La obra gráfica de Kubin desafía al espectador y al crítico por la incapacidad que les asalta de traducir sus imágenes a palabras comunes. Cierto que en ellas pueden apreciarse influencias, en particular las de Brueghel, Goya y los contemporáneos aludidos más arriba, así como su propia influencia sobre la pintura de otros, en especial los surrealistas, pero nada de eso sirve para explicar el misterio de sus obras, un misterio que es profundamente personal y quizá hermético, intransferible. Otro tanto, pues su obra literaria obedece a los mismos principios, sucede con esta La otra parte, que es considerada como una novela de culto por los aficionados al género fantástico y que es de esas obras literarias para las que cualquier tentativa de interpretación parece desde el principio abocada al fracaso.

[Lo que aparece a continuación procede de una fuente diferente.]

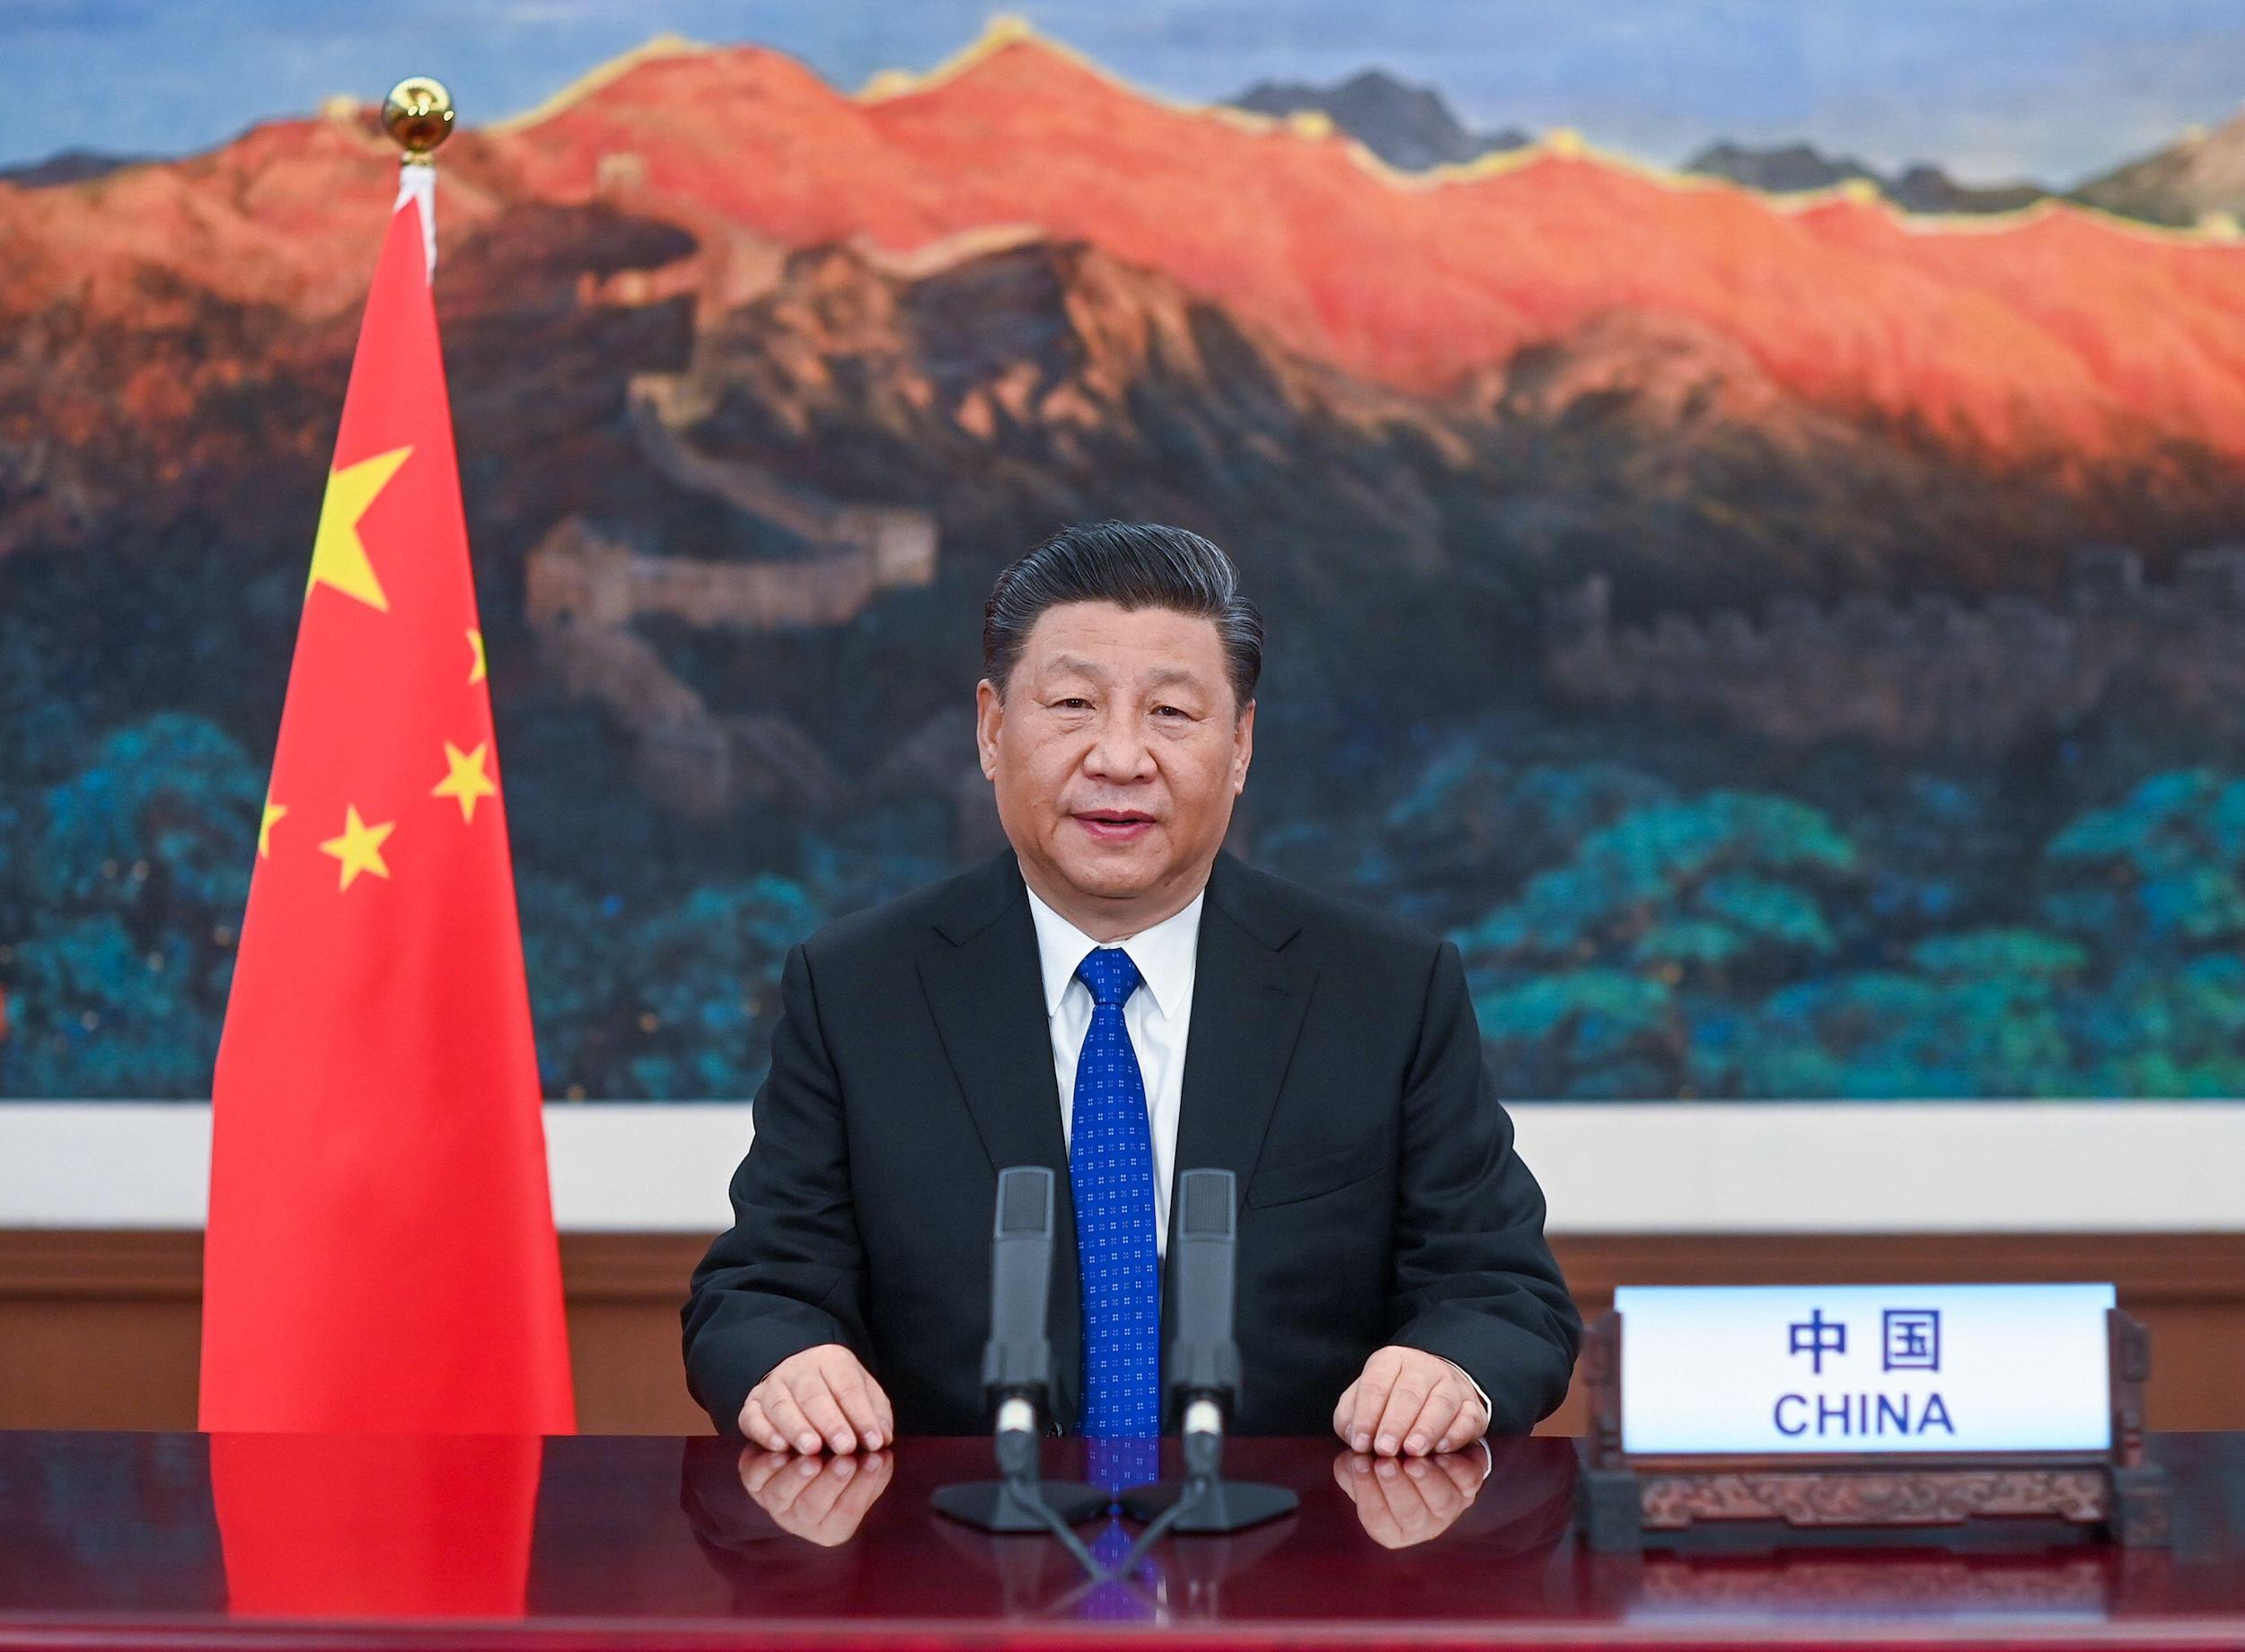 Xi Jinping, Beijing, China Xinhua/Alamy

Su argumento puede resumirse así: el protagonista y narrador, cuyo nombre ignoramos, recibe la visita de un enigmático desconocido, el cual es portador de un mensaje. Mediante éste, Claus Patera, antiguo compañero de estudios, invita al protagonista a visitar sus propiedades en una remota región de Asia. Según parece el ex condiscípulo ha fundado allí un estado al que llama el Reino de los Sueños, en cuya capital, Perla, ha invertido la totalidad de su inmensa fortuna. Para acceder a este lugar, que ha sido construido “contra todo lo que guarde relación con cualquier forma de progreso”, el viajero deberá disponer de un salvoconducto, que no es otro que un retrato del mismo Patera, al que el mensajero llama repetidas veces “el Amo”. Tras vencer su lógica desconfianza inicial, el narrador y su esposa aceptan la invitación y parten hacia el Reino de los Sueños.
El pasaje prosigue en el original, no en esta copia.